Pictures should be left out when the listing below is repeated word for word.
*** Opening Data ***
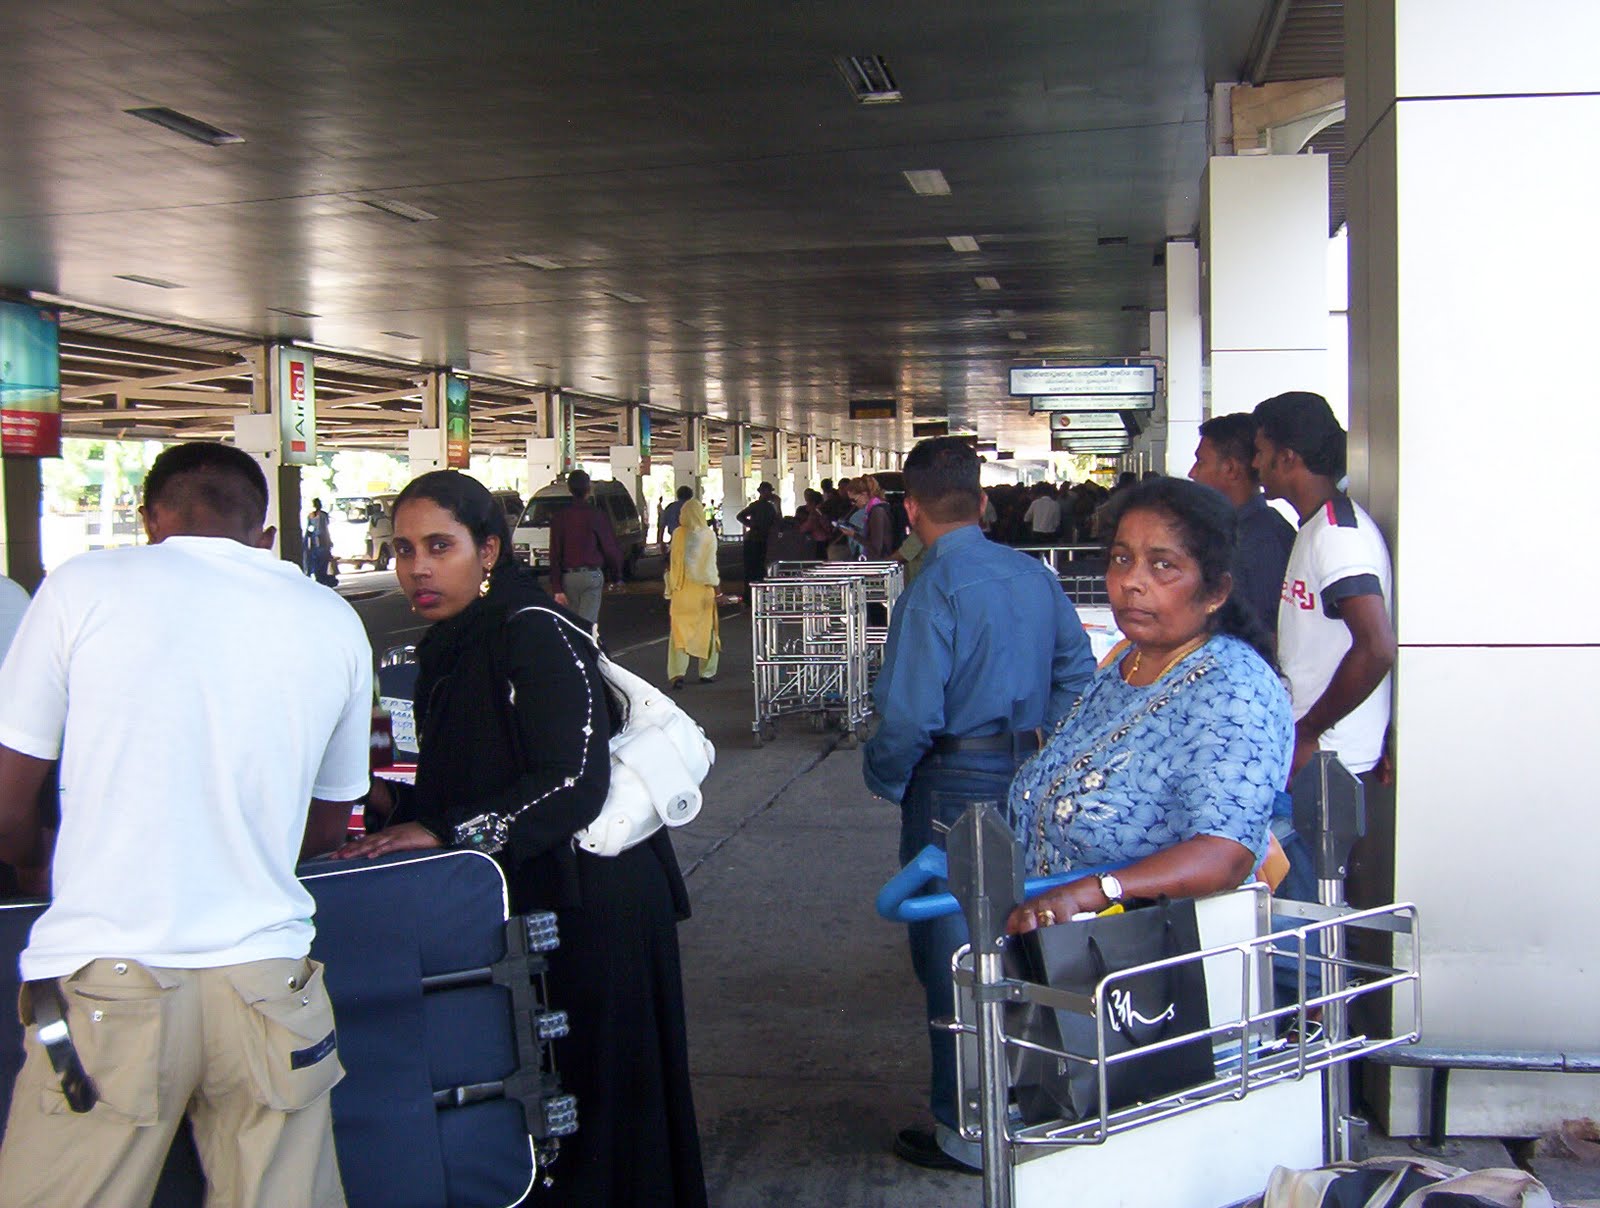 Аэропорт коломбо шри табло. Аэропорт на Шри Ланке Коломбо. Международный аэропорт Коломбо. Аэропорт Коломбо Шри Ланка. Коломбо аэропорт встречающие компанией фото.
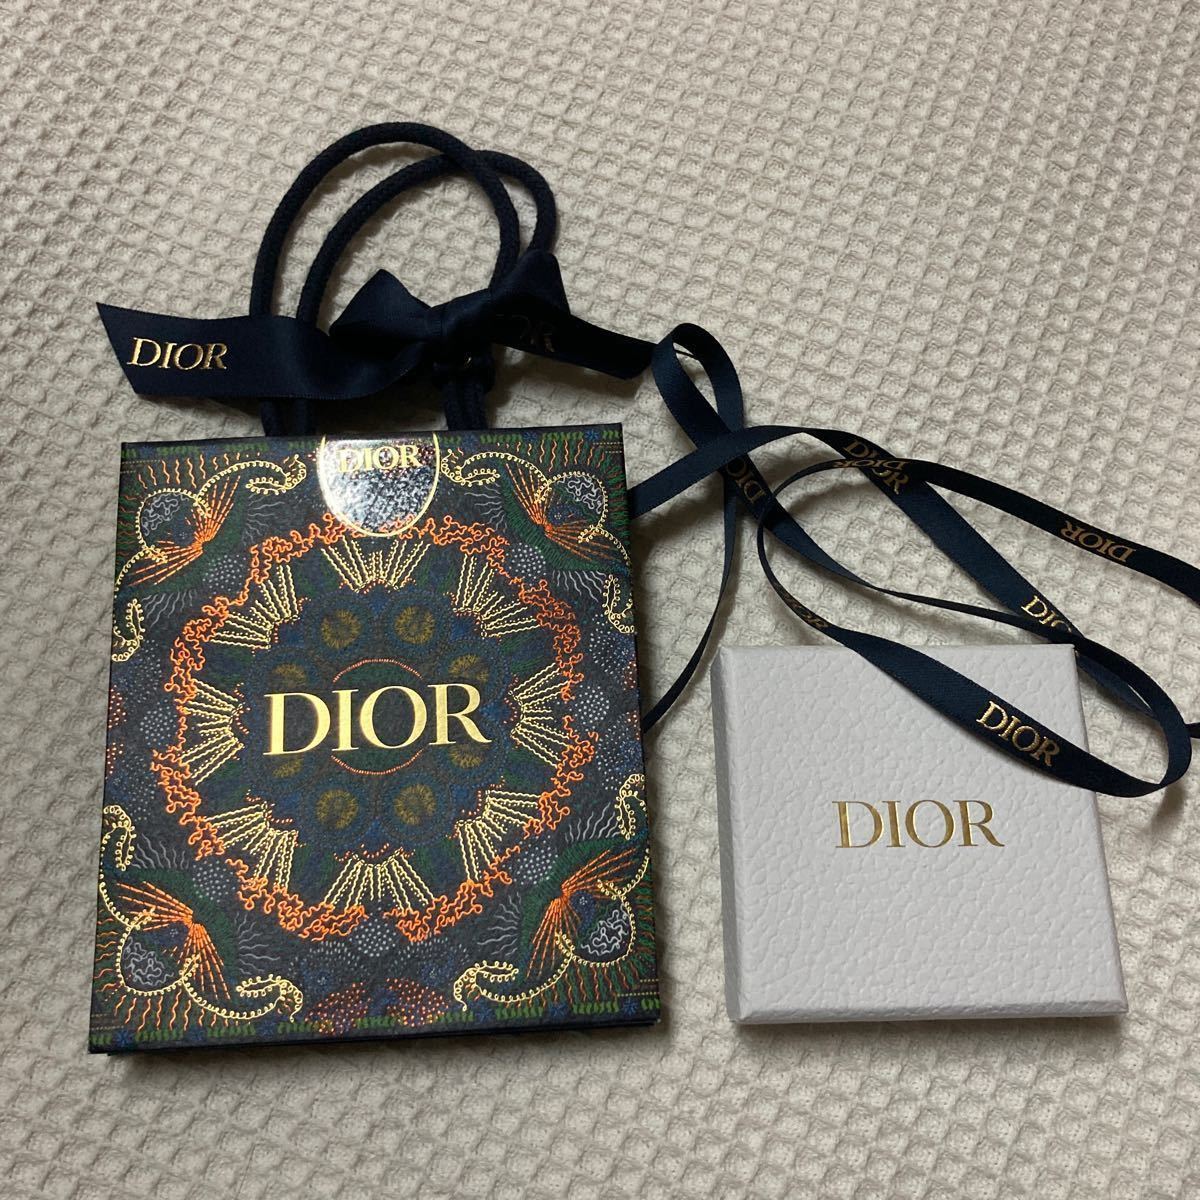 ディオール 紙袋 空箱 2020 クリスマス限定 リボン アクセサリー ボックス Dior クリスマス 限定 ケース ショップ袋 ショッパー
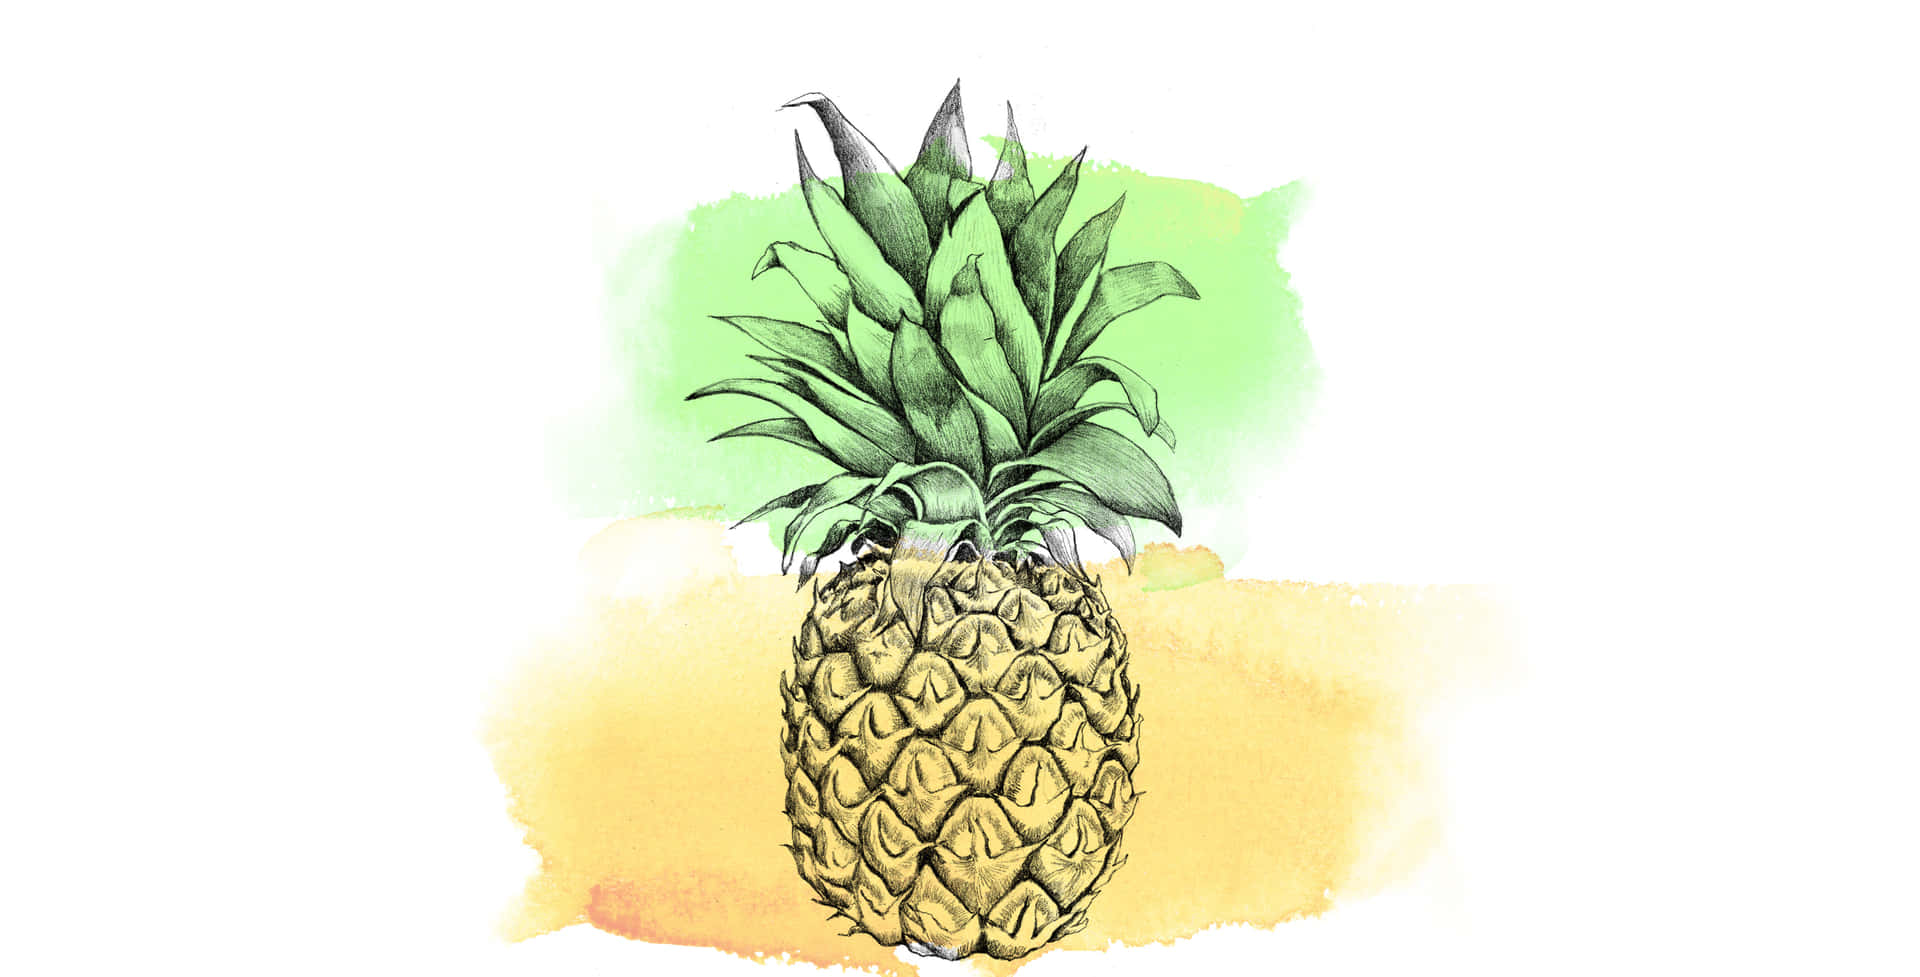 Nyd en sød skrivebordsoplevelse med ananas tapet! Wallpaper
*** Closing Data ***
### [Written answer]
 Аэропорт коломбо шри табло. Аэропорт на Шри Ланке Коломбо. Международный аэропорт Коломбо. Аэропорт Коломбо Шри Ланка. Коломбо аэропорт встречающие компанией фото.
 ディオール 紙袋 空箱 2020 クリスマス限定 リボン アクセサリー ボックス Dior クリスマス 限定 ケース ショップ袋 ショッパー
 Nyd en sød skrivebordsoplevelse med ananas tapet! Wallpaper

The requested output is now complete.